Wake losses from neighboring plants may become a major factor in wind plant design and control as additional plants are constructed in areas with high wind resource availability. Because plant wakes span a large range of physical scales, from turbine rotor diameter to tens of kilometers, it is unclear whether conventional wake models or turbine control strategies are effective at the plant scale. Wake steering and axial induction control are evaluated in the current work as means of reducing the impact of neighboring wind plants on power and levelized cost of electricity. FLOw Redirection and Induction in Steady State (FLORIS) simulations were performed with the Gauss–Curl Hybrid and TurbOPark wake models as well as two operation and maintenance models to investigate control setpoint sensitivity to wake representation and economic factors. Both wake models estimate losses across a range of atmospheric conditions, although the wake loss magnitude is dependent on the wake model. Annual energy production and levelized cost of electricity are driven by wind direction frequency, with frequently aligned plants experiencing the greatest losses. However, both wake steering and axial induction are unable to mitigate the impact of upstream plants. Wake steering is constrained by plant geometry, since wake displacement is much less than the plant wake width, while axial induction requires curtailing the majority of turbines in upstream plants. Individual turbine strategies are limited by their effective scale and model representation. New wake models that include plant-scale physics are needed to facilitate the design of effective plant wake control strategies.

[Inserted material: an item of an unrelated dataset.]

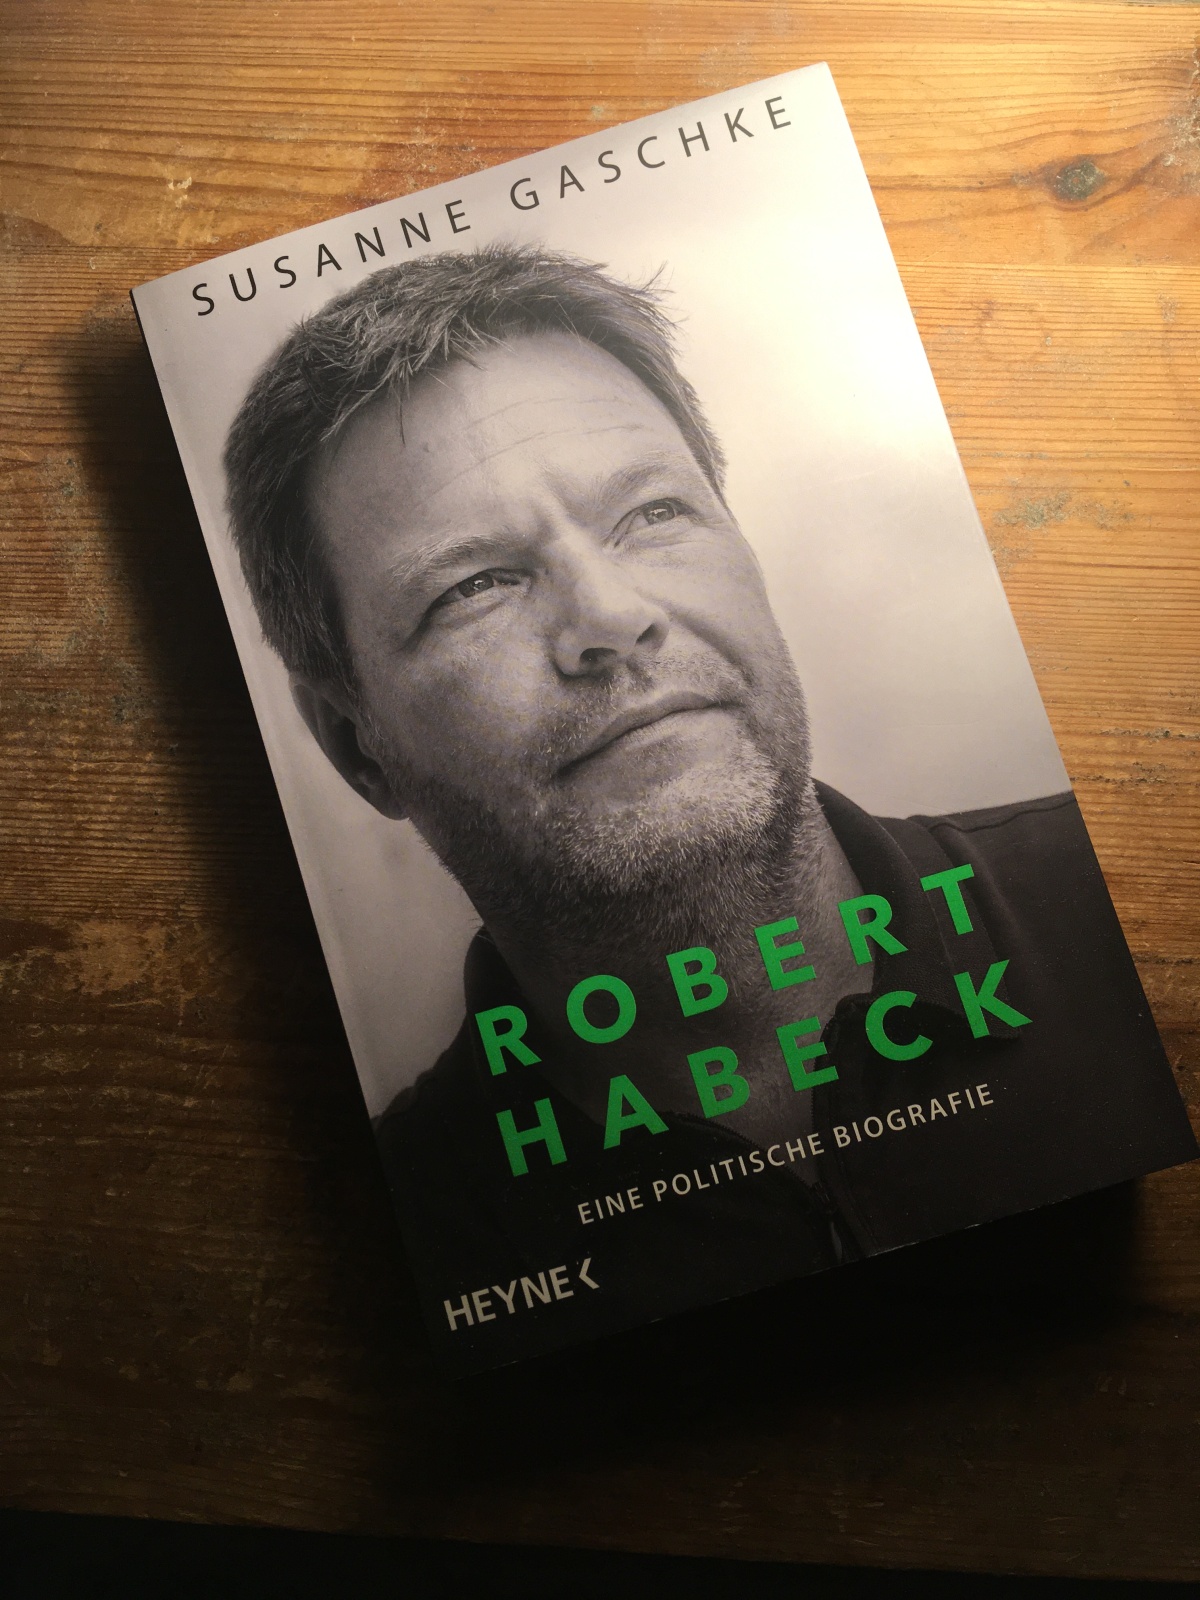 Buchbesprechung: Dr. Susanne Gaschke: „Robert Habeck. Eine politische Biografie“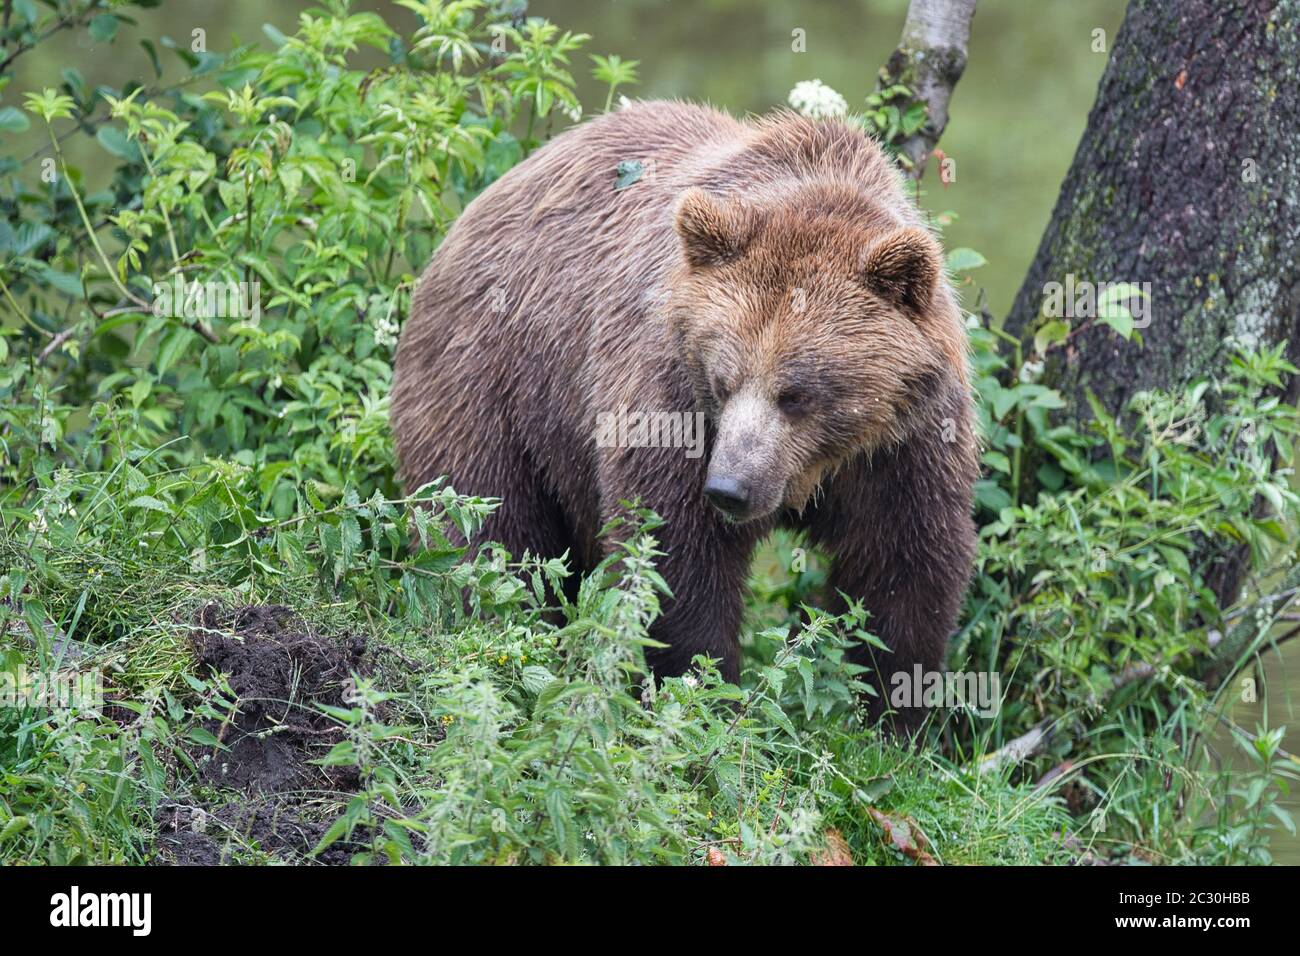 Braunbär, Braunbaer, Ursus arctos, Saeugetier, Brown bear, mammal, hunter, large, nature, european, Stock Photo

风力发电厂尾流损失:涡轮机驱动与利用工程尾流模型控制电站尾流之间的脱节
随着在风力资源丰富的地区建造更多的风力发电厂,邻近发电厂的唤醒损失可能会成为风力发电厂设计和控制的主要因素。由于风力发电厂的风浪物理范围很大,从涡轮机转子直径到数十公里,因此尚不清楚传统的风浪模型或涡轮机控制策略在风力发电厂范围内是否有效。目前的研究对风浪转向和轴向感应控制进行了评估,以减少邻近风力发电厂对电力和平准化电力成本的影响。利用高斯-库尔混合唤醒模型和 TurbOPark 唤醒模型,以及两个运行和维护模型,对稳定状态下的唤醒转向和感应(FLORIS)进行了模拟,以研究控制设定点对唤醒表示和经济因素的敏感性。尽管唤醒损失的大小取决于唤醒模型,但两种唤醒模型都能估算出各种大气条件下的损失。年发电量和平准化电力成本受风向频率的影响,风向频繁的发电厂损失最大。然而,尾流转向和轴向感应都无法减轻上游电厂的影响。唤醒转向受到电厂几何形状的限制,因为唤醒位移远小于电厂唤醒宽度,而轴向诱导则需要削减上游电厂的大部分涡轮机。单个涡轮机策略受限于其有效规模和模型表示。需要建立包含电厂尺度物理特性的新型唤醒模型,以便设计有效的电厂唤醒控制策略。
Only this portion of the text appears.